SOURCE MATERIAL:

::::

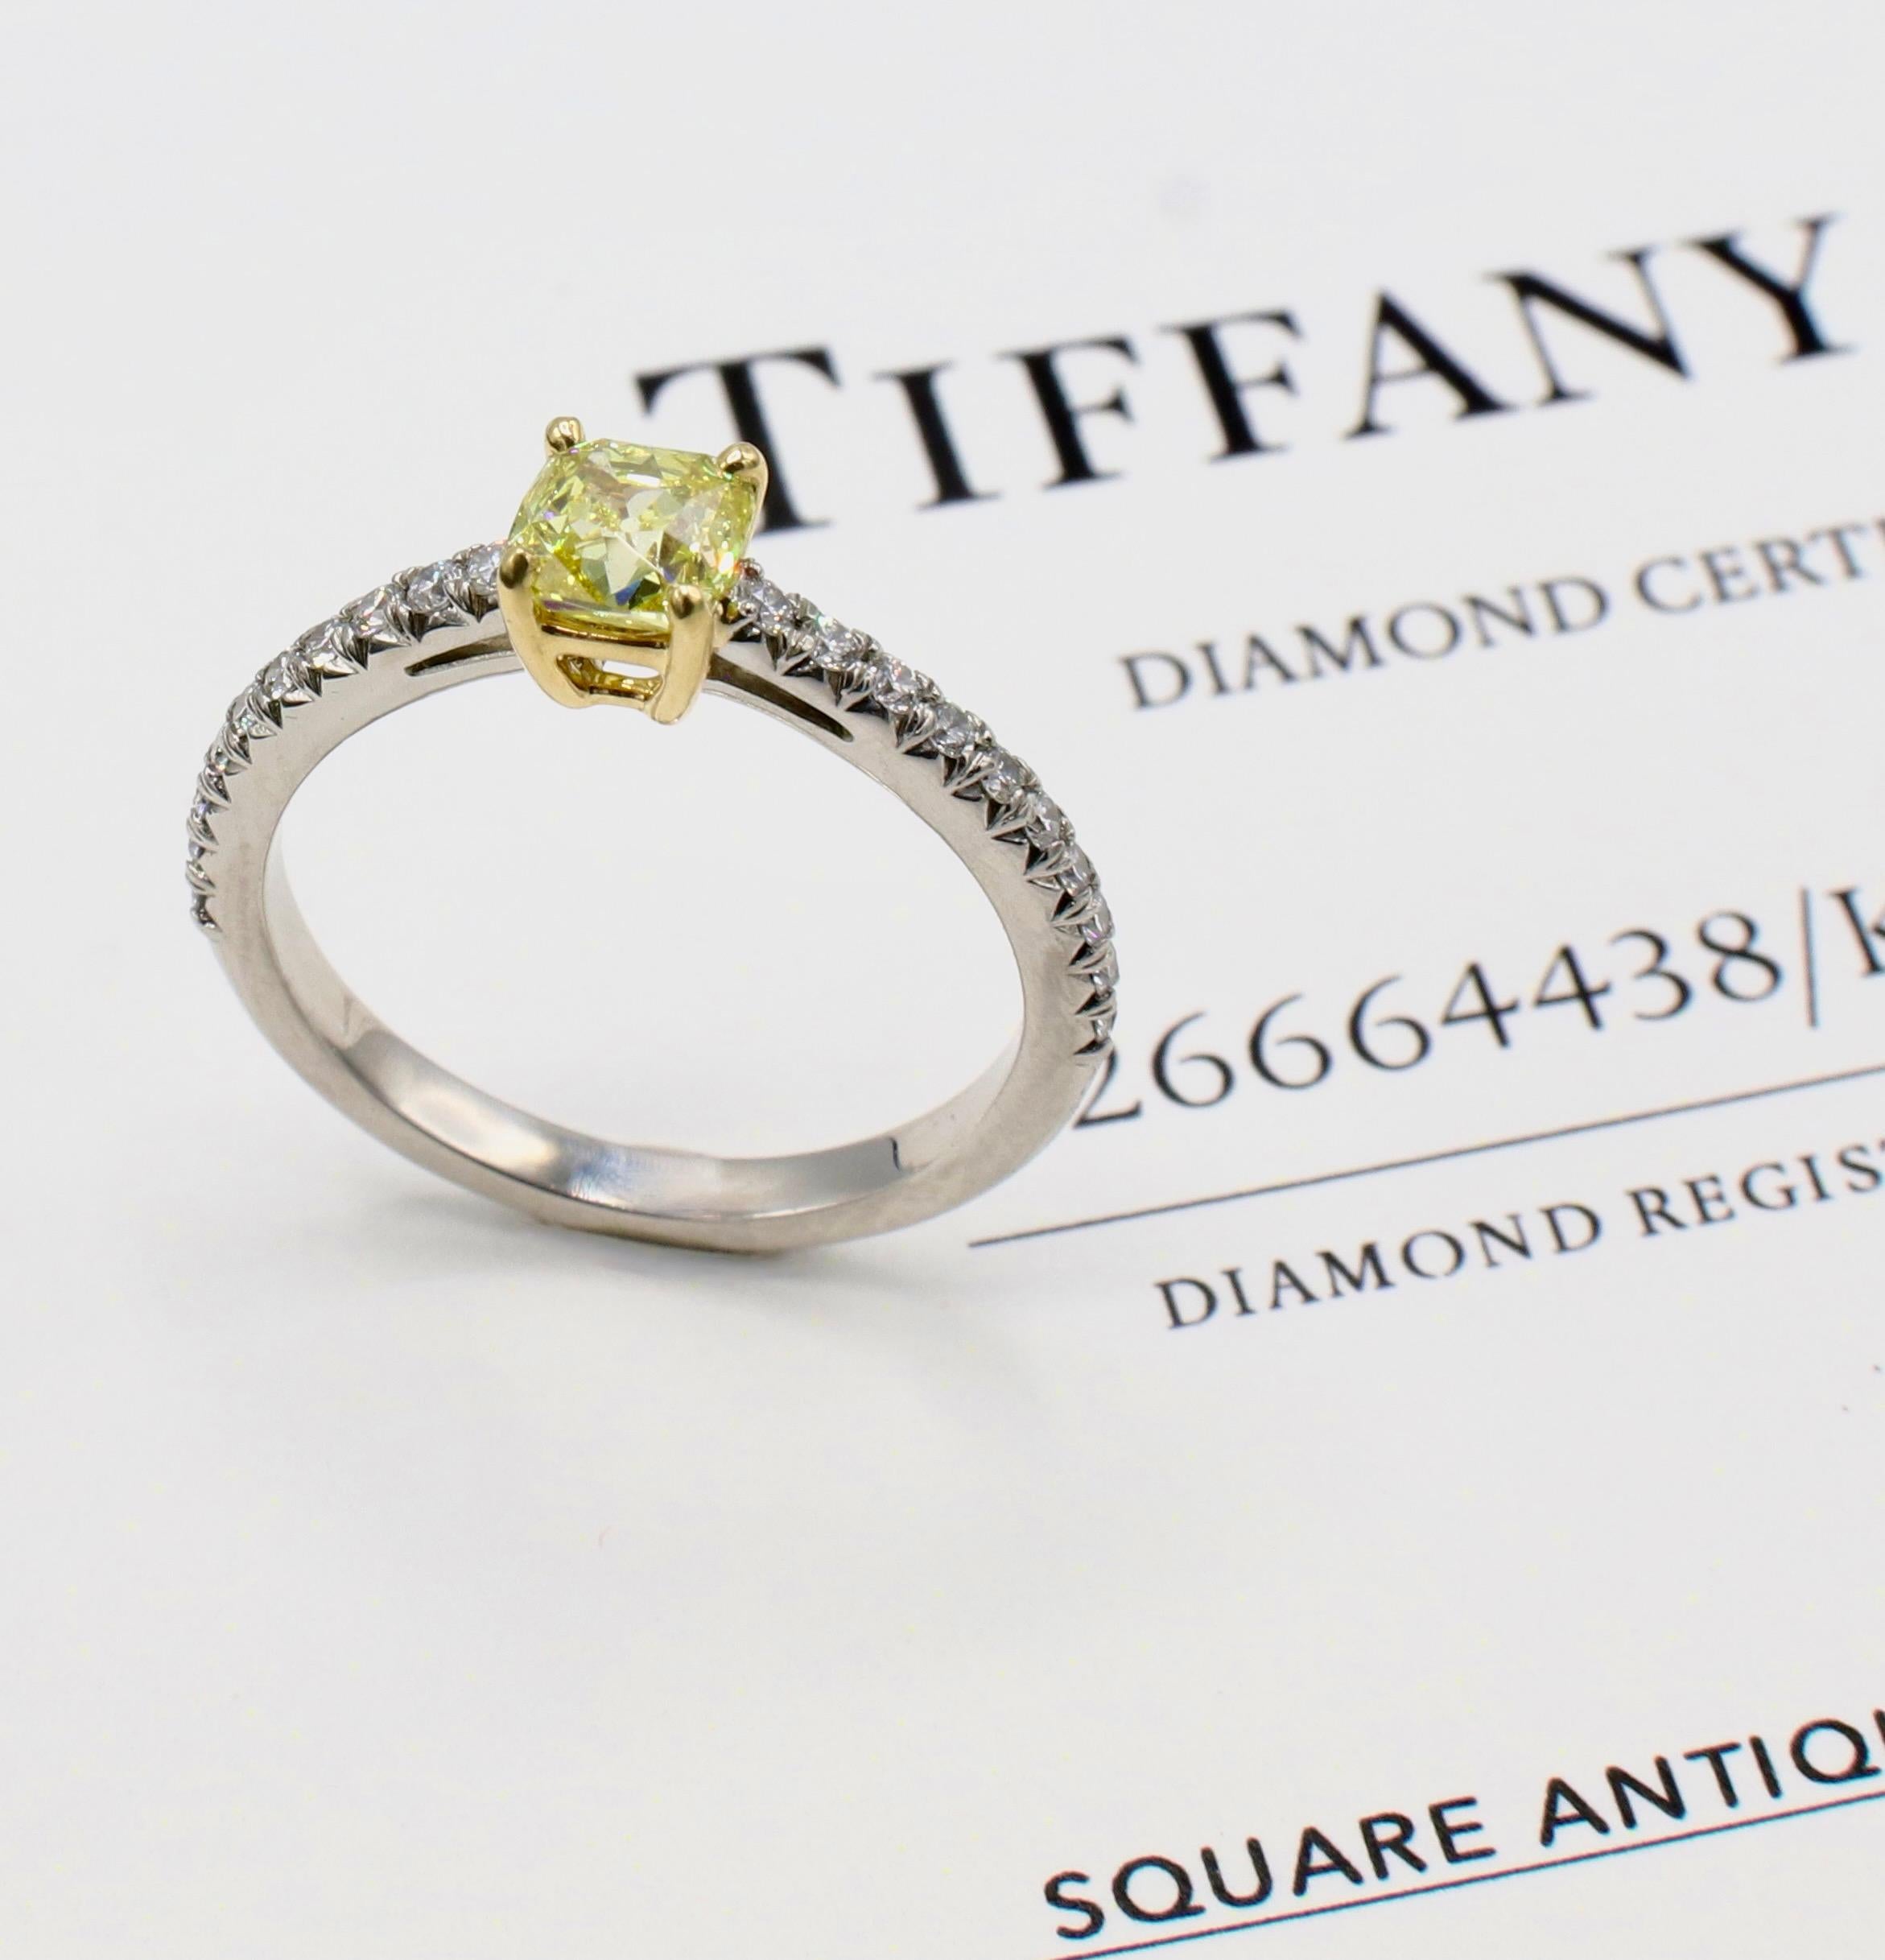 Tiffany & Co. 0.59 Carat Fancy Intense Yellow Square Antique Natural Diamond Engagement Ring
Metal: Platinum & 18K yellow gold
Diamond: 0.59 carat antique cushion fancy intense yellow natural diamond VS1
Accent diamonds: Approx. .20 CTW F-G VS round

::::

EXERCISE DESCRIPTION:
Go through the listing above and quote it exactly, apart from its images.

WRITTEN SOLUTION:
 Tiffany & Co. 0.59 Carat Fancy Intense Yellow Square Antique Natural Diamond Engagement Ring
Metal: Platinum & 18K yellow gold
Diamond: 0.59 carat antique cushion fancy intense yellow natural diamond VS1
Accent diamonds: Approx. .20 CTW F-G VS round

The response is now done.